In an article entitled “Learning To Think Spiritually,” she showed a stereogram, a piece of abstract art that looks like a bunch of squiggly designs in brown, white, gray and black. But there’s more here than meets the untrained eye, she pointed out: A 3D galloping horse is actually embedded in the image.
This horse remains invisible, however, to anyone who focuses his vision on the readily apparent plane of the picture, or looks at it with only one eye.
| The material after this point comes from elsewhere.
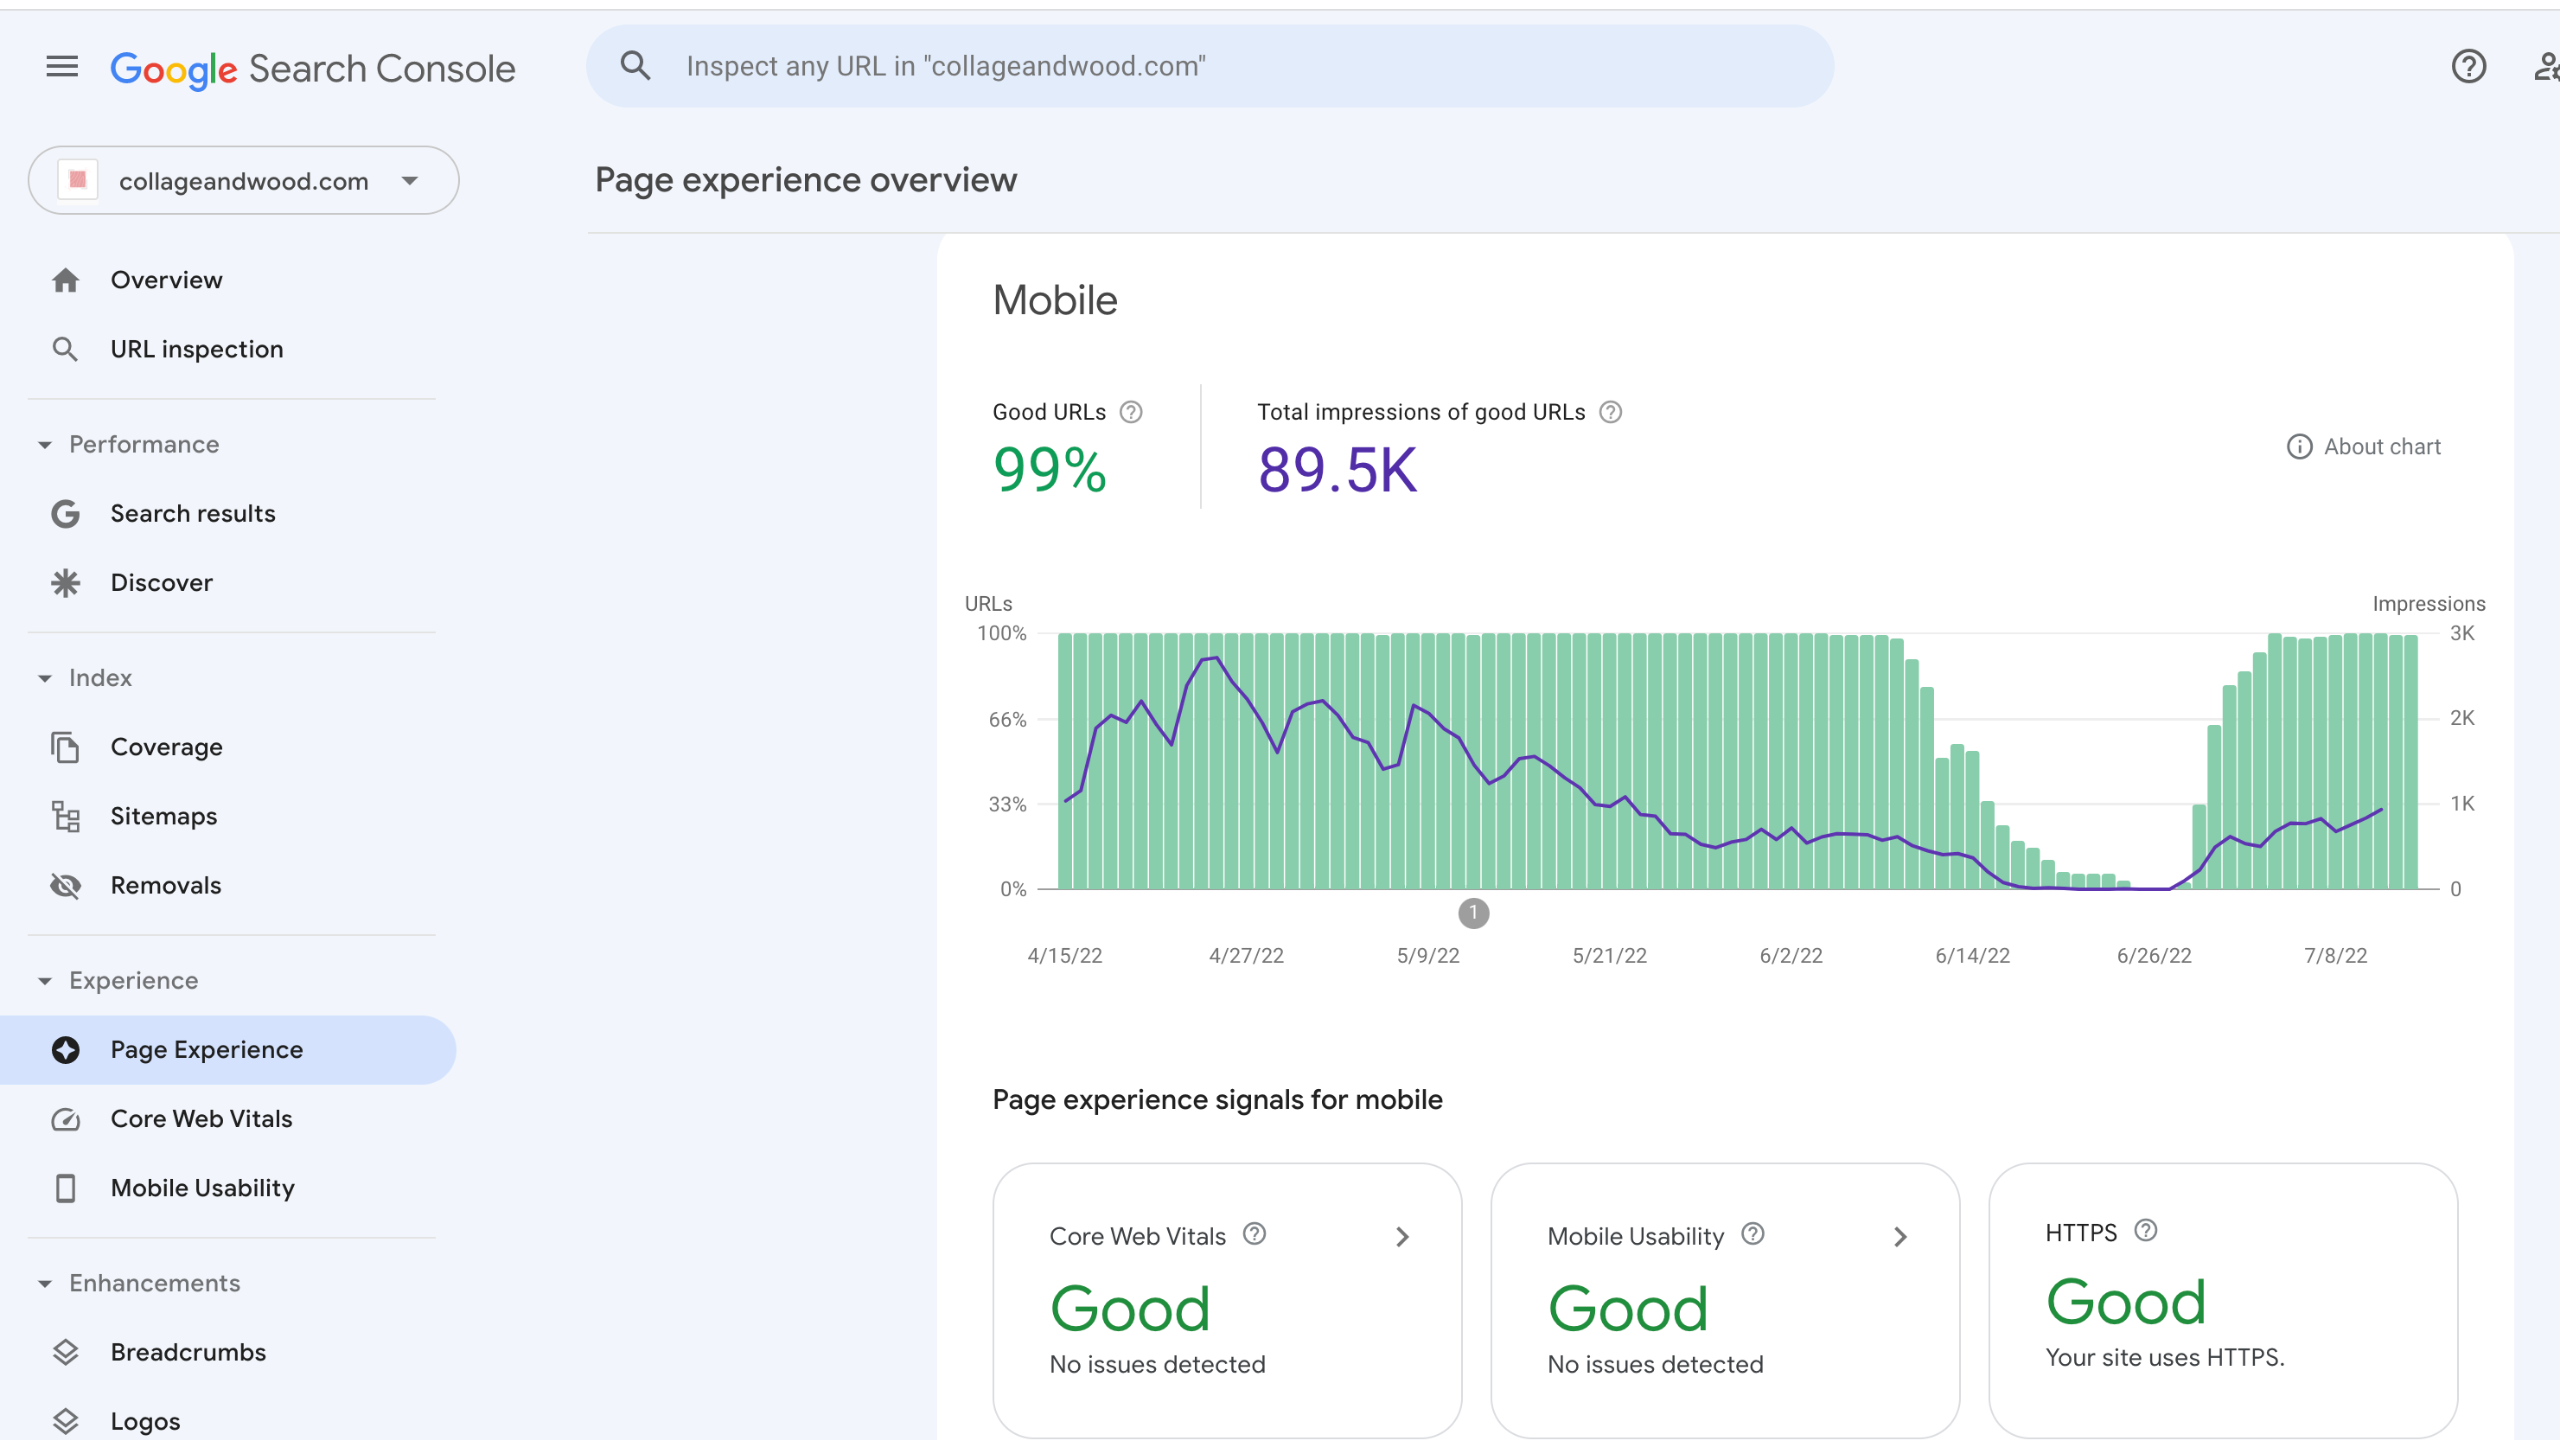 Monitor your SEO progress, page experience, and Core Web Vitals with tools like Google Search Console

It can only be seen by those focusing both eyes on a plane behind this image, she explained.
There is a lesson to be learned here.
“Like many others,” she wrote, referring to her atheist days when she read the Bible only to tear it down, “I saw the gospel as a bunch of scribbles; I thought it was just a bunch of nonsense until my focus changed.”
Describing the Bible as a spiritual stereogram, Jones wrote, “You need two aspects of the intellect to see the reality of God in its pages; you need to utilize both the logical and spiritual (or poetic) component of your thinking to see Him. If you use only one in the absence of the other, you will lose the effect. It's like covering one eye.”
Jones pointed out that depth is key to seeing the truth in the Bible just as it is in stereograms. “I think the reason a lot of people aren't seeing its truth today,” she said, “is that we have become a nation of shallow thinkers.”
I think A.S.A. Jones is brilliant. And I think she has it exactly right.